Items listed in a dataset
_ _ _

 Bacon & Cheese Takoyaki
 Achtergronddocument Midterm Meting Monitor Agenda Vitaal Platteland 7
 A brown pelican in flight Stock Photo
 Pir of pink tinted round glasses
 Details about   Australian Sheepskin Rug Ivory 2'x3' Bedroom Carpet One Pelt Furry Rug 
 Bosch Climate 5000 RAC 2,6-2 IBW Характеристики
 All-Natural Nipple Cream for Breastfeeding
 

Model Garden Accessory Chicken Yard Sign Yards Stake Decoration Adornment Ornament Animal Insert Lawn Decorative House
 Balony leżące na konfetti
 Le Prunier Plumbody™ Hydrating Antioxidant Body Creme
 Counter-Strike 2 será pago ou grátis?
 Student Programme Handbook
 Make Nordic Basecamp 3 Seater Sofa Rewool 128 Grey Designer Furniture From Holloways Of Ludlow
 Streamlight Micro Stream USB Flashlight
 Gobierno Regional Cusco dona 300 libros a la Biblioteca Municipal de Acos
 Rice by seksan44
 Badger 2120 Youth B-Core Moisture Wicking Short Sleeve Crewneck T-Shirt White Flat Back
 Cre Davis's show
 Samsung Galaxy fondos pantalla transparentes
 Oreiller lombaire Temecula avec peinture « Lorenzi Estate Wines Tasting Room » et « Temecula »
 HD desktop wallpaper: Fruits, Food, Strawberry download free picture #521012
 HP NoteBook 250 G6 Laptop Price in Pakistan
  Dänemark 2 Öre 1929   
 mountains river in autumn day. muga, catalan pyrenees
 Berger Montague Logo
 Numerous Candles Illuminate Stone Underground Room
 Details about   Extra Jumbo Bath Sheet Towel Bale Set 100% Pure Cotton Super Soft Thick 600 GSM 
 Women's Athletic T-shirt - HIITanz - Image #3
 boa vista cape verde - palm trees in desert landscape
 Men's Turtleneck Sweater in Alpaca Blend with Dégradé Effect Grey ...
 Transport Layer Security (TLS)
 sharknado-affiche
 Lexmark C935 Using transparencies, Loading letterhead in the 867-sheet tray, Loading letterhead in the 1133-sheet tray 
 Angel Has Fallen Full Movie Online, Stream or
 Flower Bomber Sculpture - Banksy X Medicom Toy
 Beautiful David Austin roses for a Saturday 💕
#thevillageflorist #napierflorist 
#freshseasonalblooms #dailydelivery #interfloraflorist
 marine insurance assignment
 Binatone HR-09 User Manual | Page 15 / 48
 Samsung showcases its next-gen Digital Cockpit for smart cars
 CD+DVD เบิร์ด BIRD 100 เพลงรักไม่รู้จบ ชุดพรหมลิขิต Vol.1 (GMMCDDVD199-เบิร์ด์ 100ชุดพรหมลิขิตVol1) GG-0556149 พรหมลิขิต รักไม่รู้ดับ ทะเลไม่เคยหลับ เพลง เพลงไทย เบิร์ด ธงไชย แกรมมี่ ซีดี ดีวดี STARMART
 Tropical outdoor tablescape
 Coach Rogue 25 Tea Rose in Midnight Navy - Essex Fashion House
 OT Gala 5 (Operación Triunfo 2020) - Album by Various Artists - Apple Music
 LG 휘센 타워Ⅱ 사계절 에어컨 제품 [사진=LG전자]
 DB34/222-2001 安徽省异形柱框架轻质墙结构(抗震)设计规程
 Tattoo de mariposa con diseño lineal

_ _ _

• **TASK DETAILS**
Determine the number of lines in the data that contain "Grey" as a word or string, and state only that number.

• **OUTPUT OF THE EXERCISE**
2